# The quintessential golden pic



## snapsnap (Apr 24, 2012)

This says everything to me about the breed. Love 'em.


----------



## Wyatt's mommy (Feb 25, 2011)

I can totally relate. I have a velcro dog too.


----------



## ashleylp (Jul 23, 2011)

Lucky velcro dog owners! I wish mine was that way!


----------



## Oaklys Dad (Dec 28, 2005)

Welcome to the forum. Great picture.


----------



## Capt Jack (Dec 29, 2011)

I a lick on the ear is coming up LOL


----------



## Karen519 (Aug 21, 2006)

*Wonderful picture*

I just LOVE YOUR PICTURE!!


----------



## Aislinn (Nov 13, 2010)

What a great picture!


----------



## Buddysmyheart (Dec 28, 2011)

Love it!!!!!


----------



## missmarstar (Jul 22, 2007)

That is so cute!! One of mine is just like that.


----------



## Max's Dad (Apr 23, 2012)

Great Shot!


----------



## vcm5 (Apr 20, 2011)

That is such a great picture! Riley is just like that, except he doesn't sit still for very long, he would be trying to climb into the lap. So adorable!


----------



## Wendy427 (Apr 4, 2009)

OMGosh that is SO adorable! And yes, welcome to the Forum!


----------



## GoldenMum (Mar 15, 2010)

That picture is priceless!


----------



## janababy (Jan 2, 2012)

Sooooooooooooooo true!!!! Love your pic.


----------



## Deber (Aug 23, 2011)

I have two like this but one will sneak around and if you are not careful you will find you have a 70 lb baby squashing you.

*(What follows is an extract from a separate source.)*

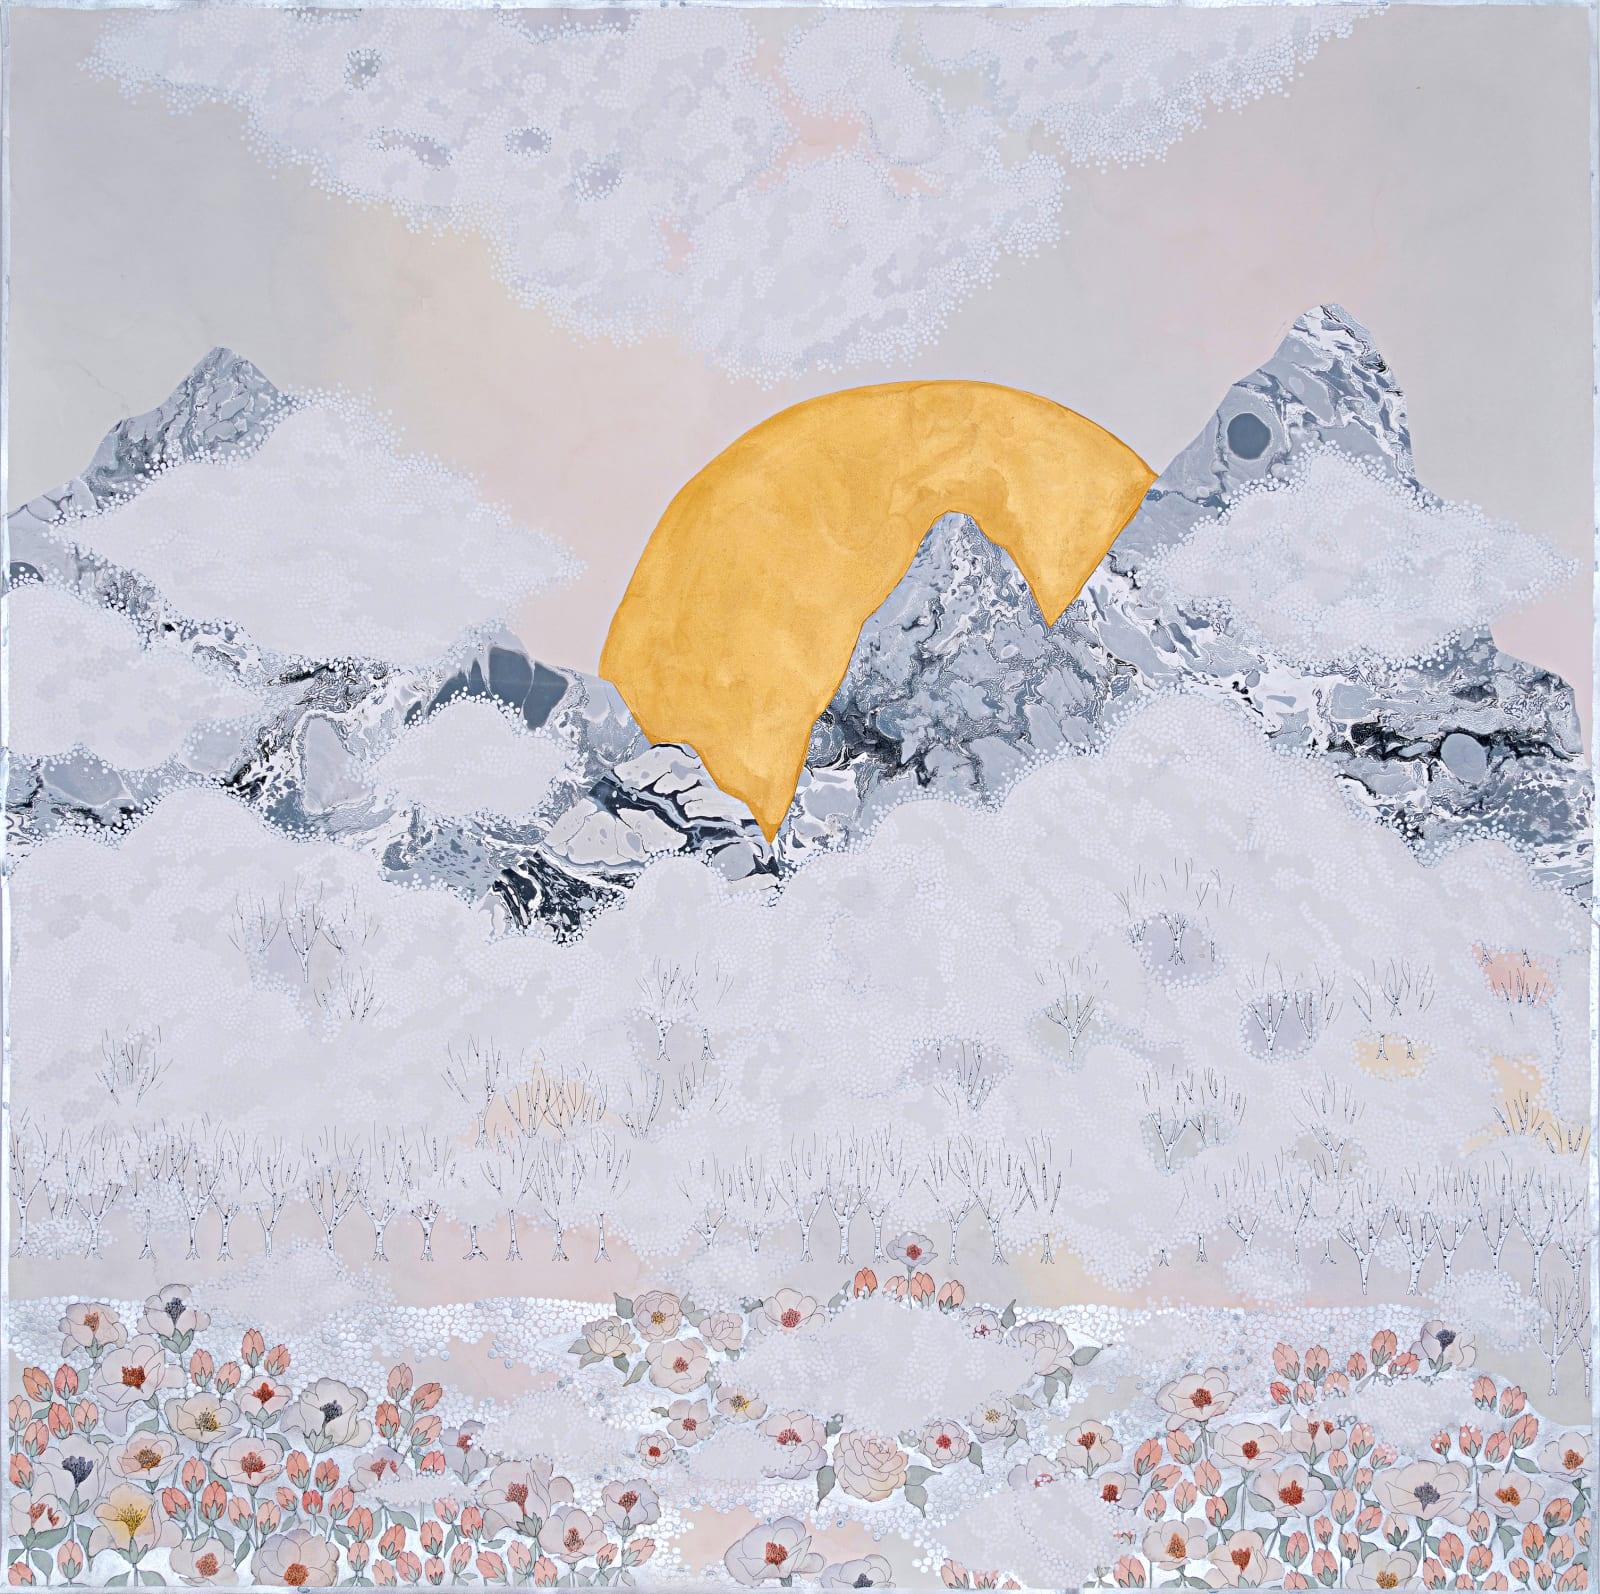 Crystal Liu, the fog, 'rise up', 2019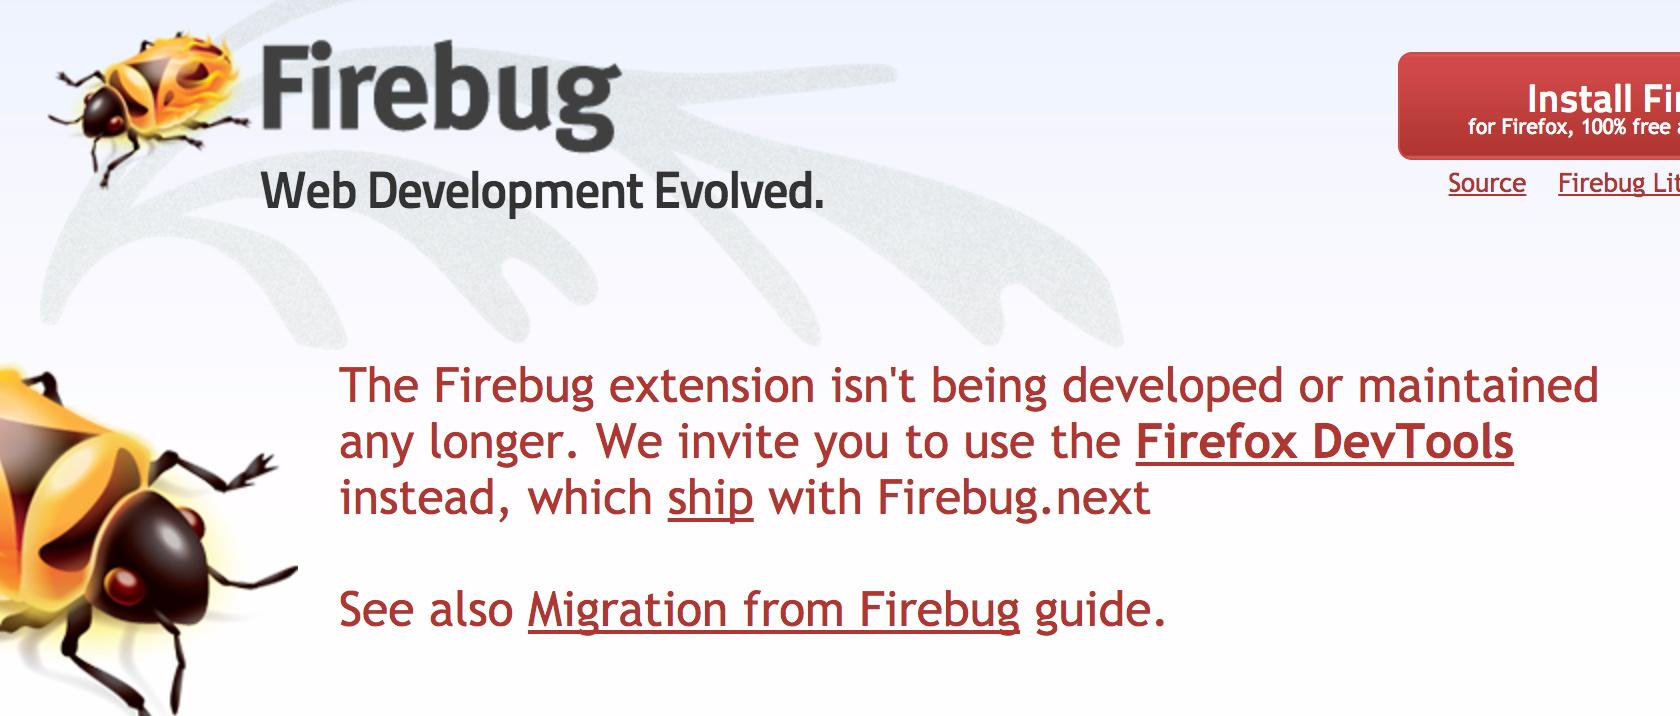 Прекращение поддержки плагина Firebug (а как следствие и Firepath) в

Wonderful picture and welcome to our forum!


----------



## toliva (Nov 24, 2011)

I love that picture. I have a velcro dog too and I love it


----------



## CAROLINA MOM (May 12, 2009)

Fantastic picture-it says it all.


----------



## Elisabeth Kazup (Aug 23, 2008)

Love it! No velcro dog at our house so this is especially cute!

Welcome!


----------



## aerolor (May 27, 2011)

Great picture snapsnap and welcome to the forum. My Bonnie likes that position as well. She often dozes off upright with her head on my shoulder then begins to snore in my ear.


----------



## My Big Kahuna (Dec 14, 2011)

What a sweet baby  Kahuna has to be in a mood to be like that haha I love it!


----------



## MercyMom (Dec 19, 2011)

Too sweet! Absolutely adorable!


----------